§ **WHAT THIS TASK INVOLVES**: Copy the data verbatim and leave out every picture.

§ **SUPPLIED MATERIAL**:
━━━━━━━━

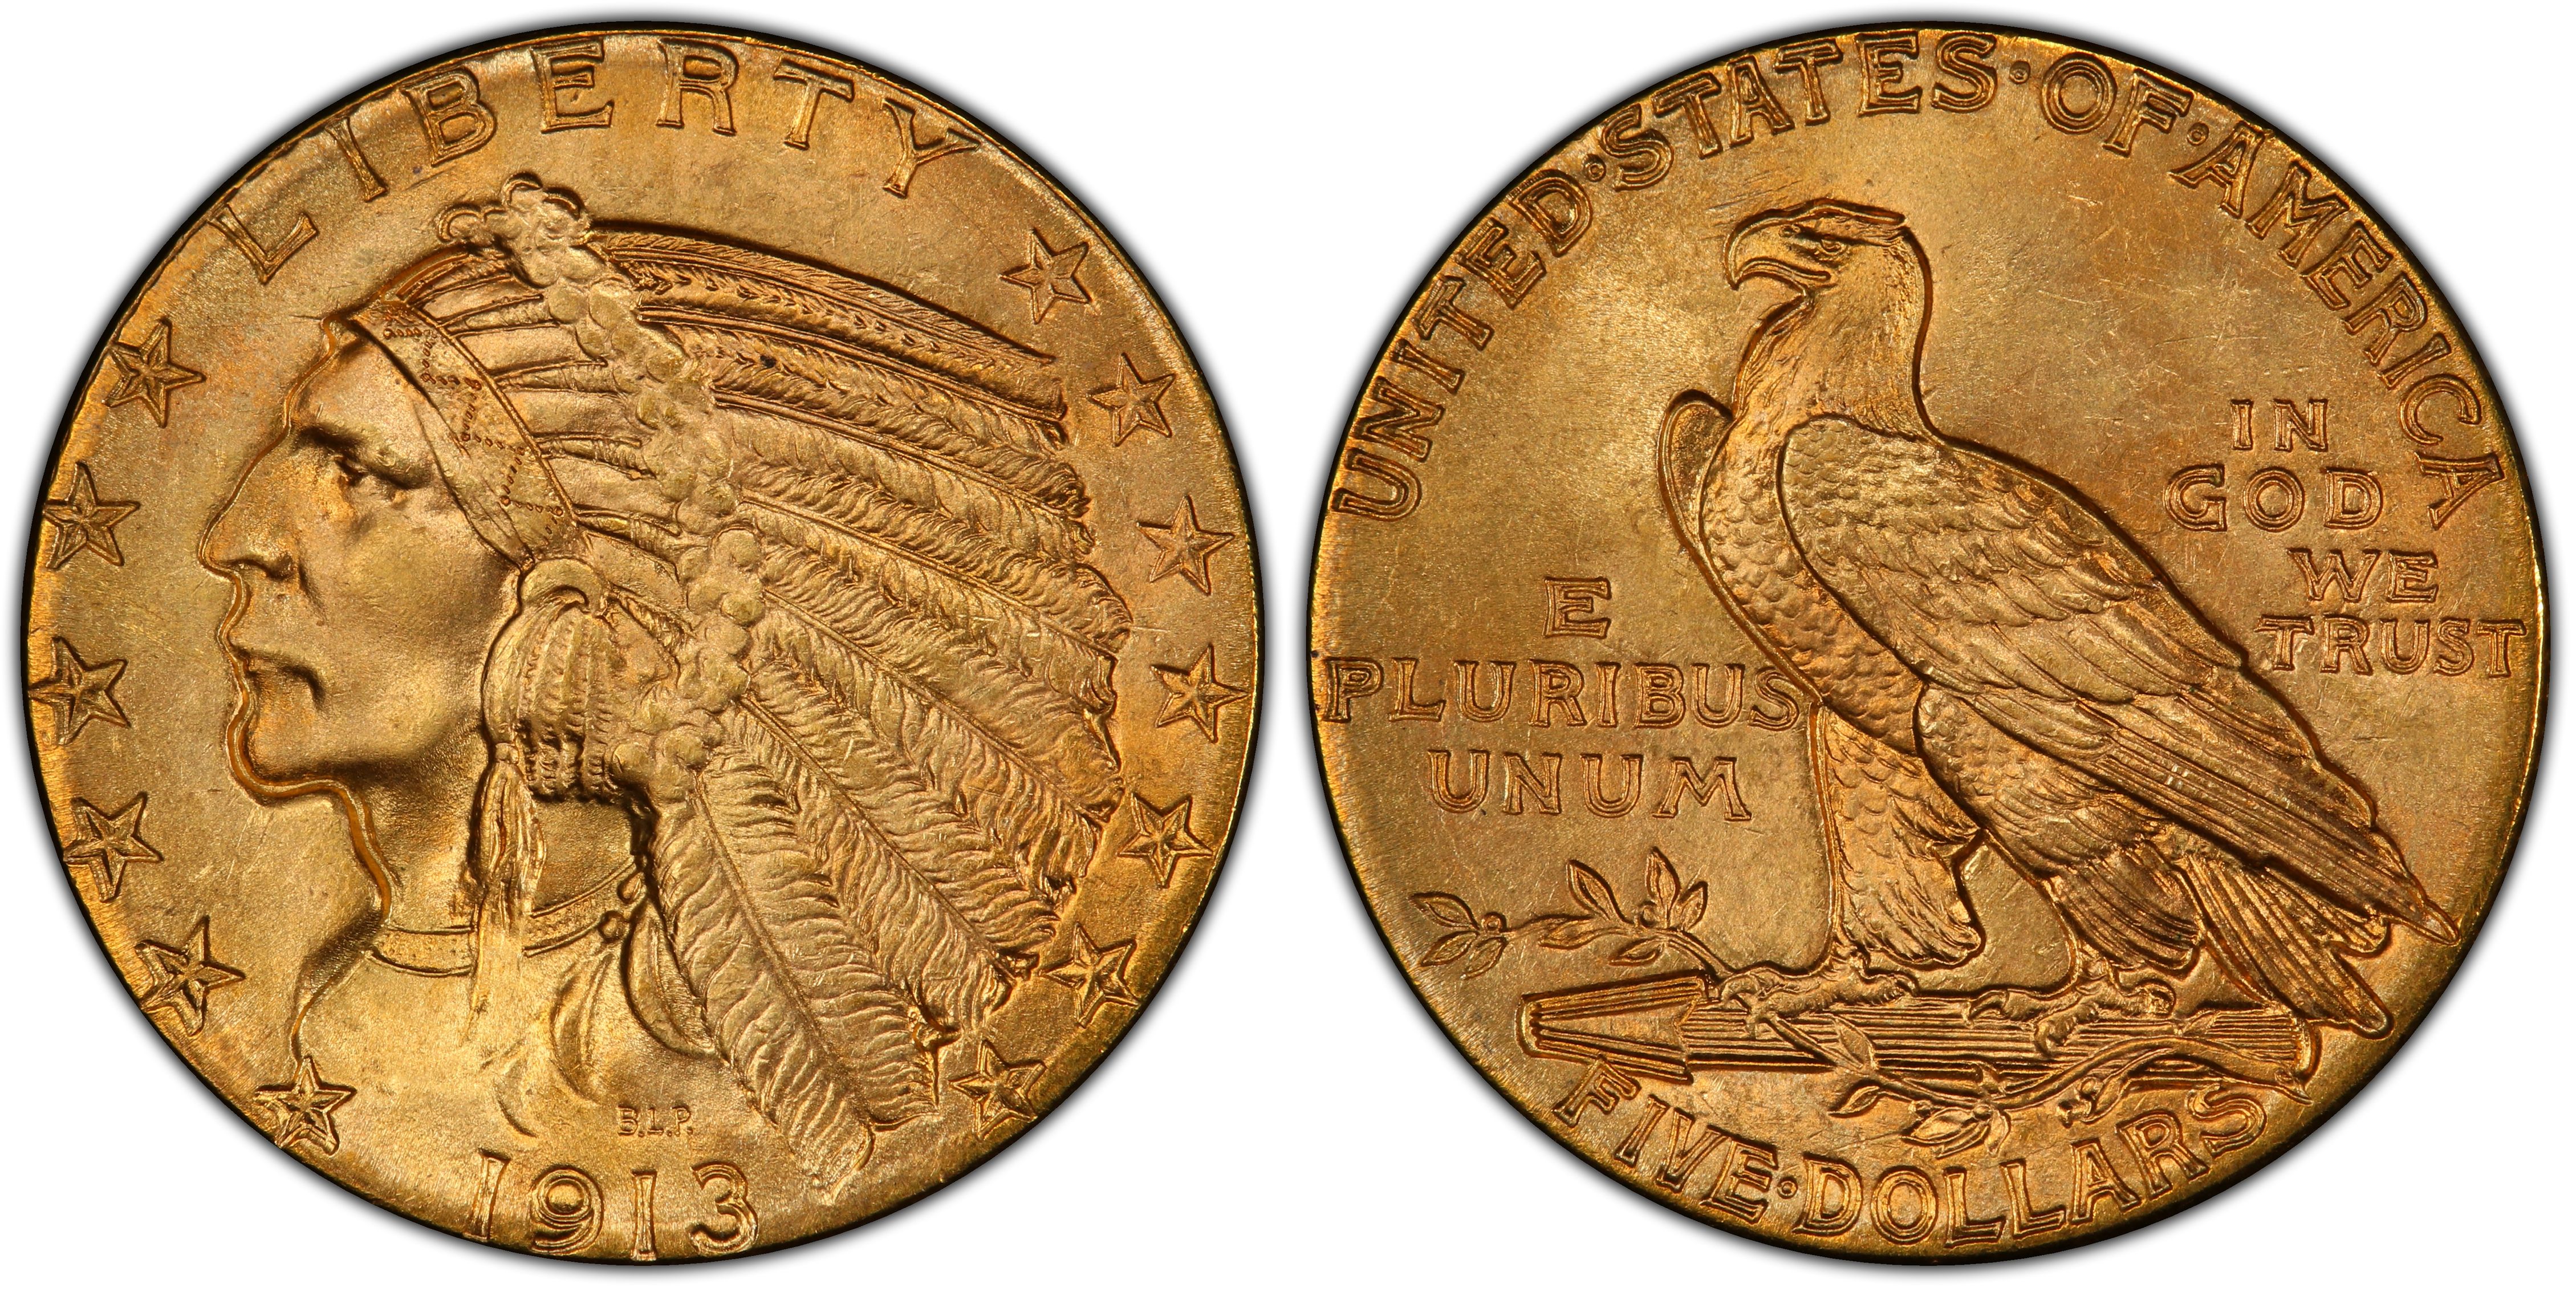 1913 $5 (Regular Strike) Indian $5 - PCGS CoinFacts
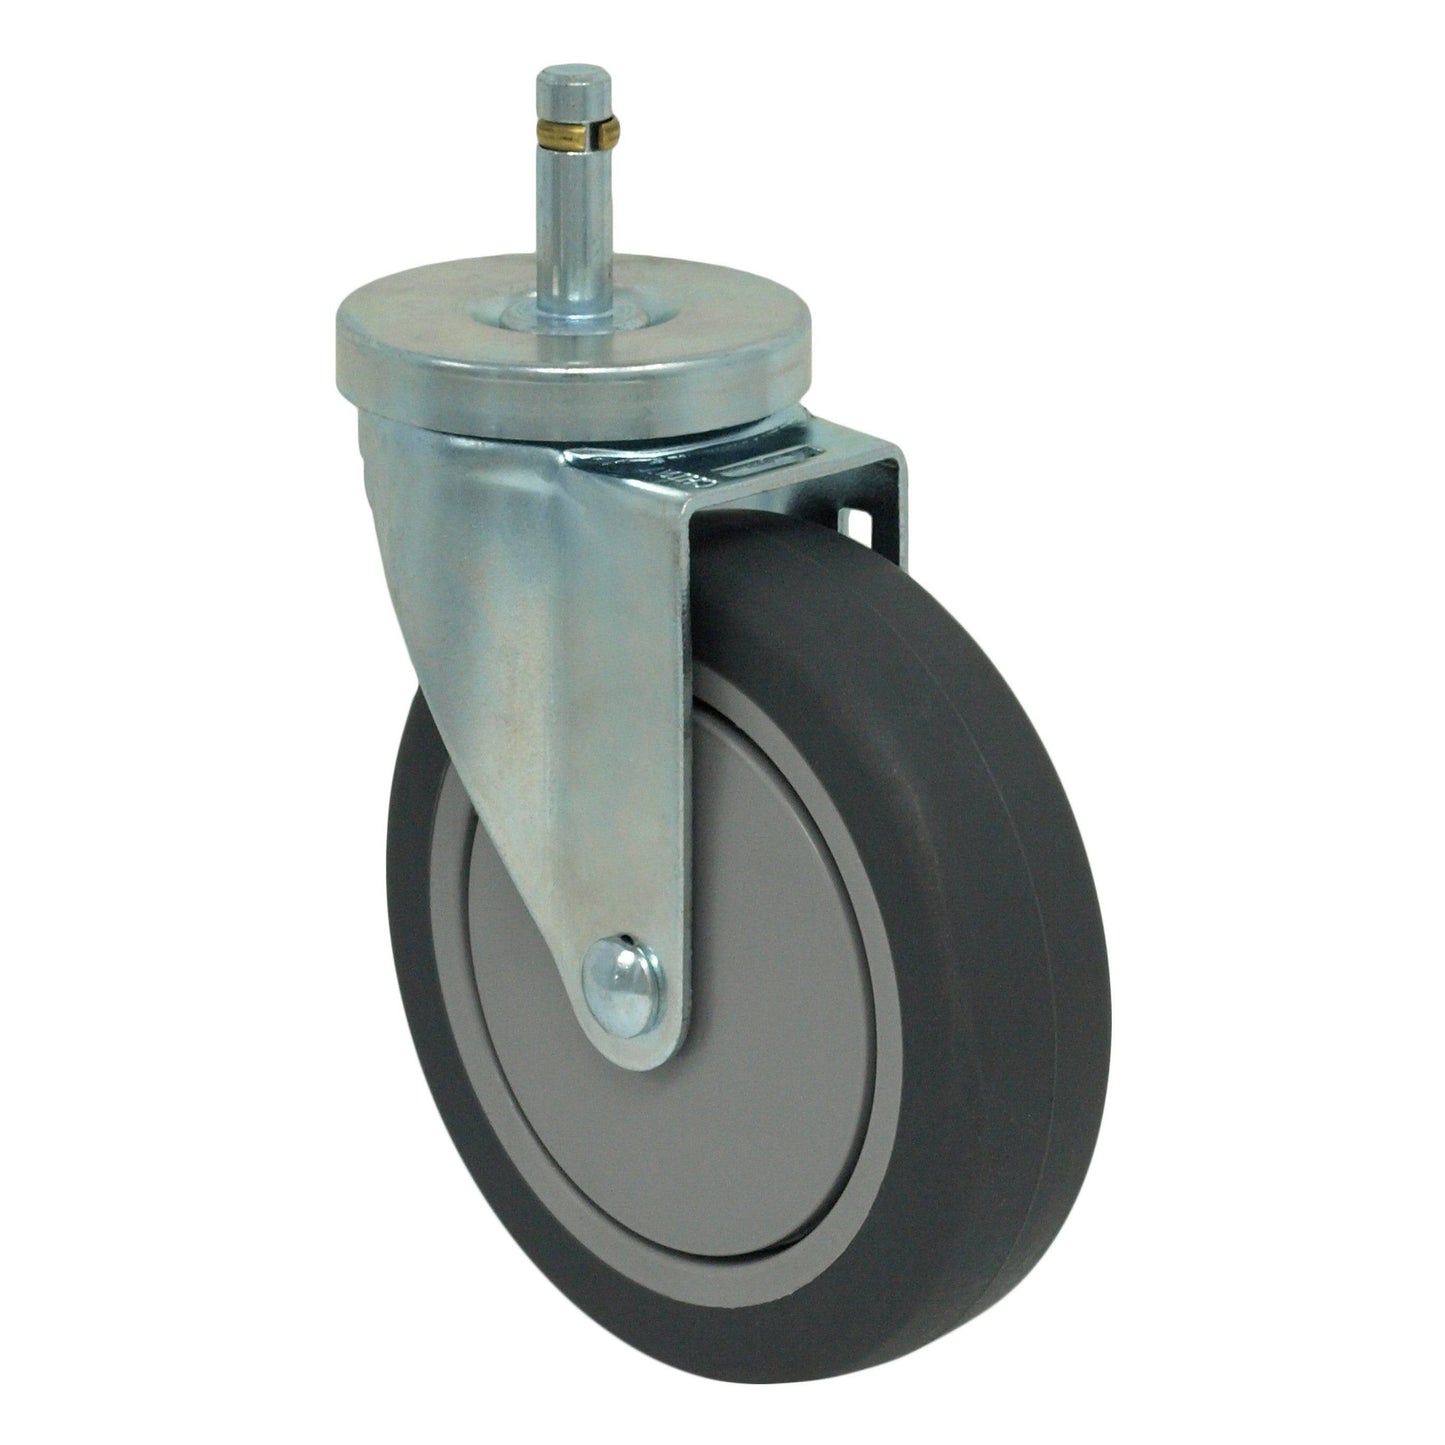 5" x 1-1/4" Thermo-Pro Swivel Grip Ring Stem Caster (7/16")  - 300 lbs. Cap. - Durable Superior Casters
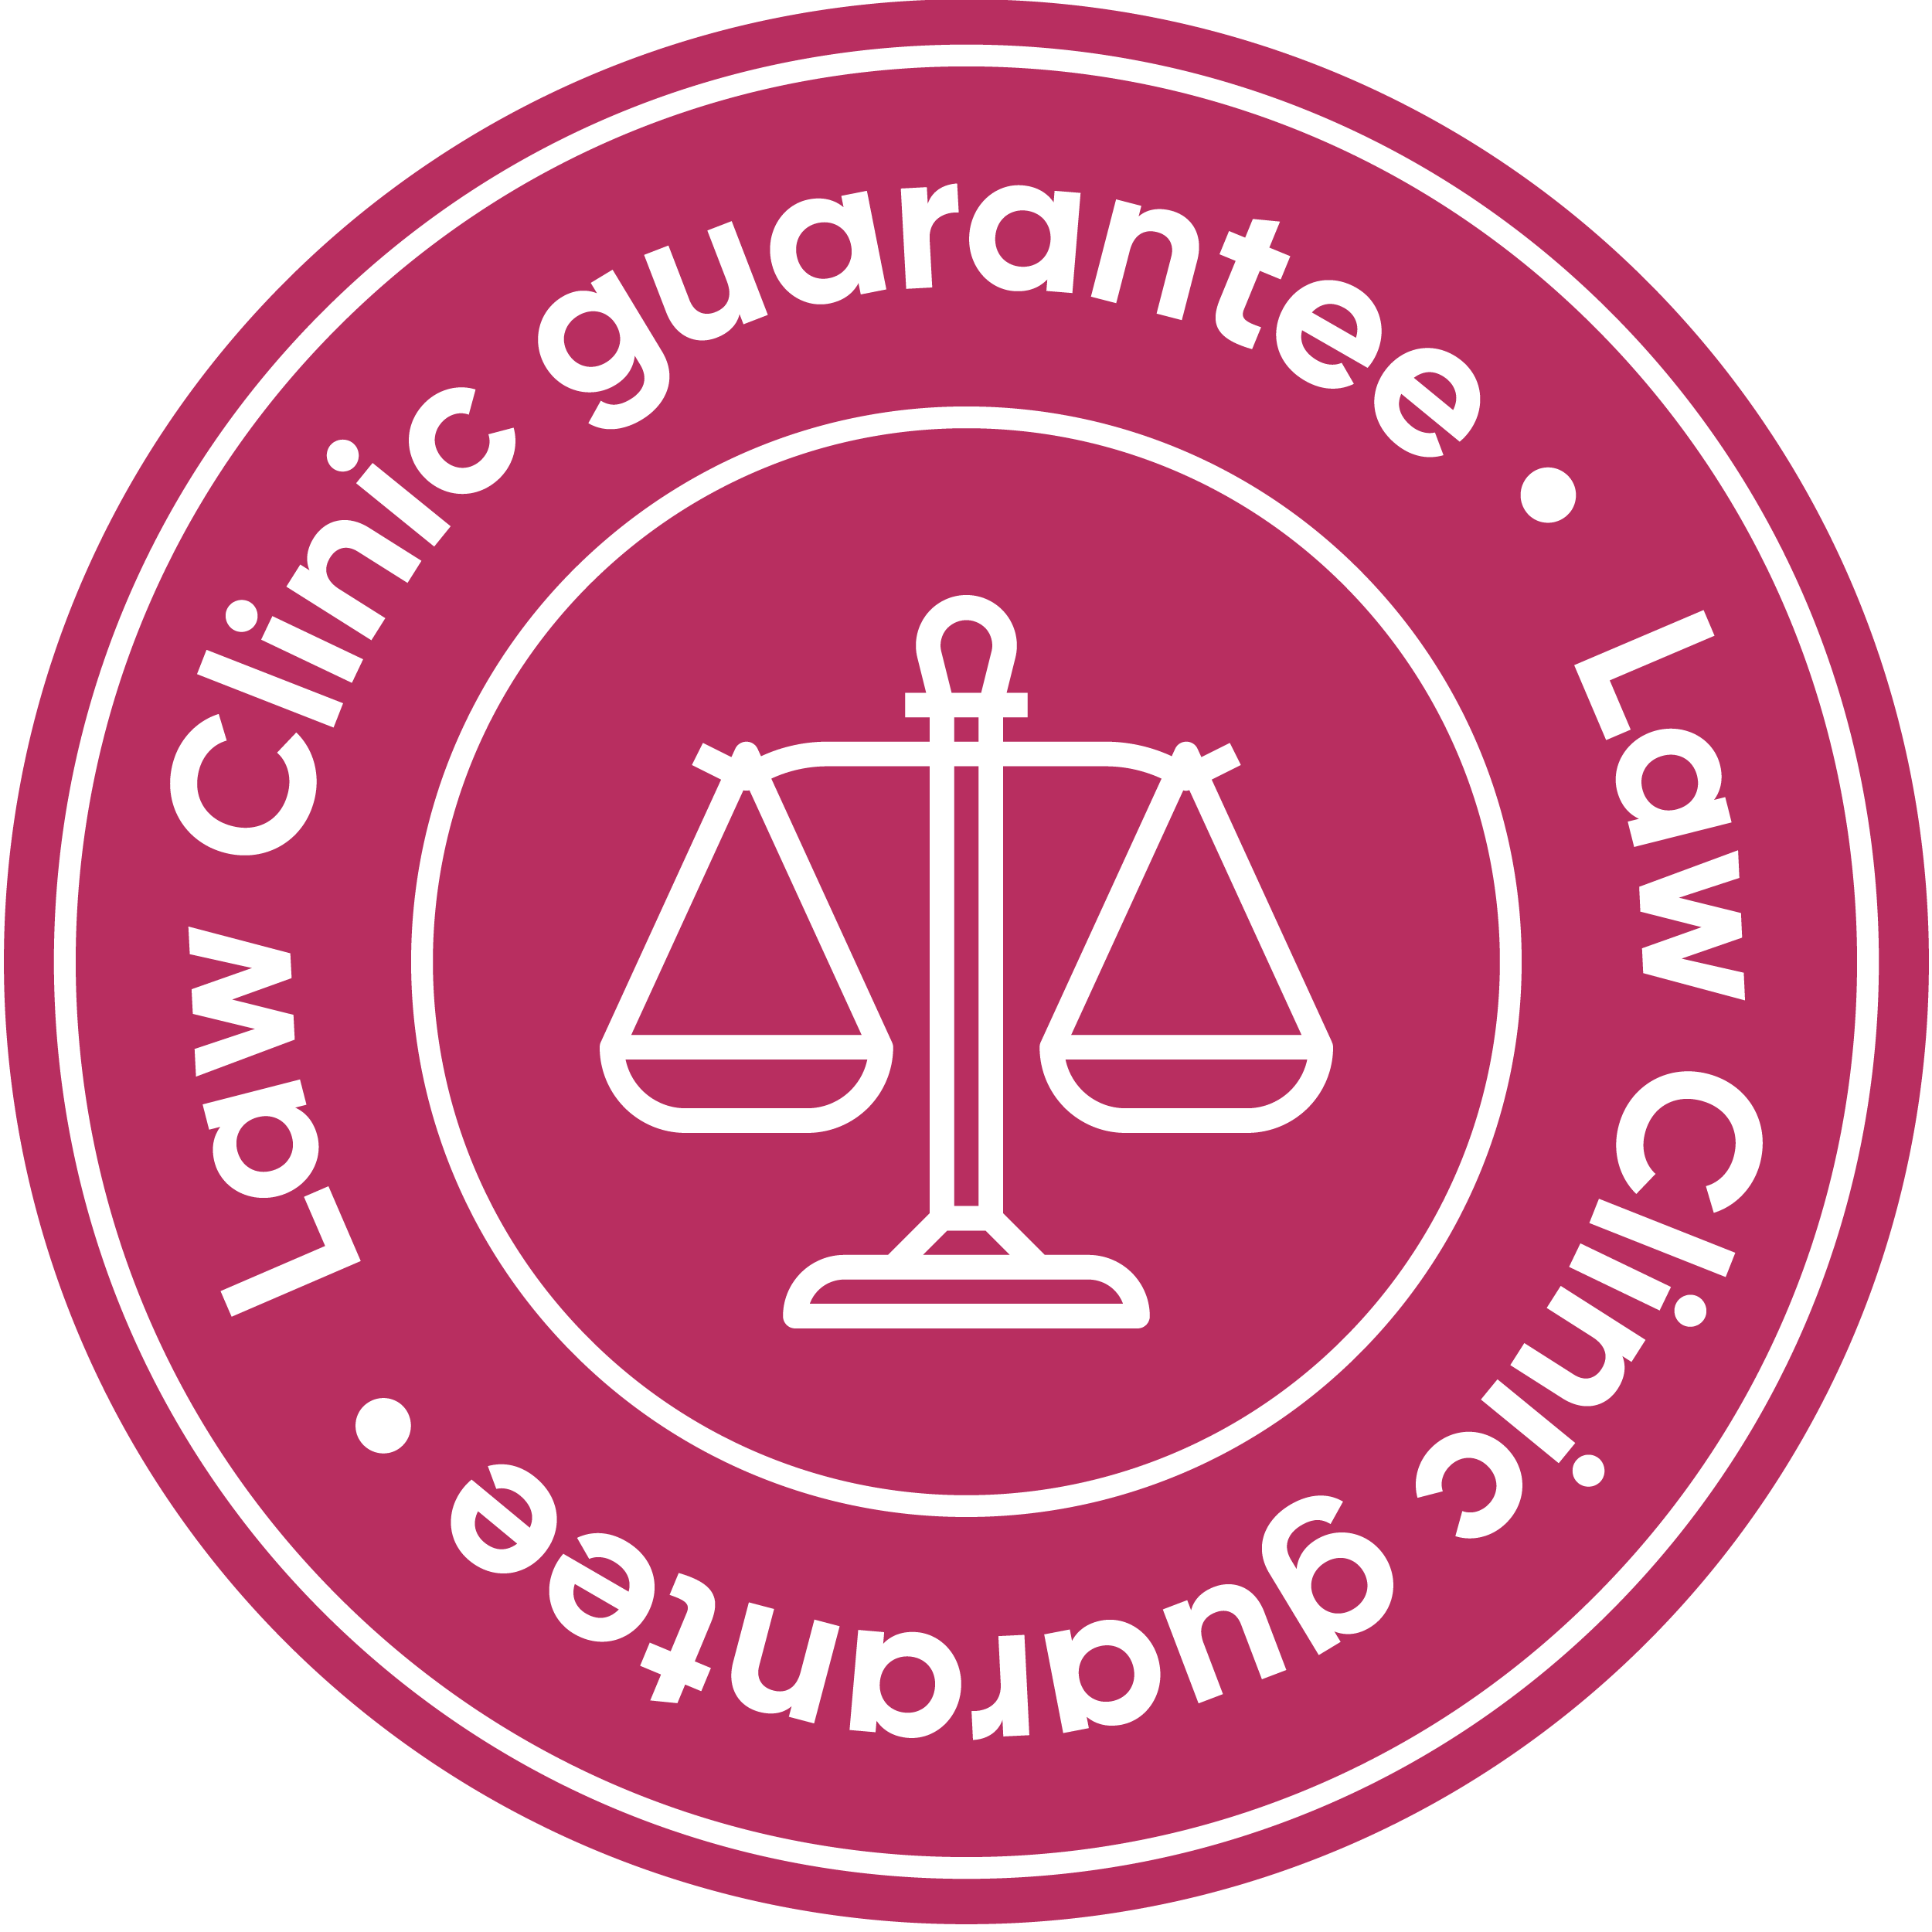 Legal Advice CLinic Approved

━━━━━━━━

§ **TASK RESPONSE**:
 1913 $5 (Regular Strike) Indian $5 - PCGS CoinFacts
 5" x 1-1/4" Thermo-Pro Swivel Grip Ring Stem Caster (7/16")  - 300 lbs. Cap. - Durable Superior Casters
 Legal Advice CLinic Approved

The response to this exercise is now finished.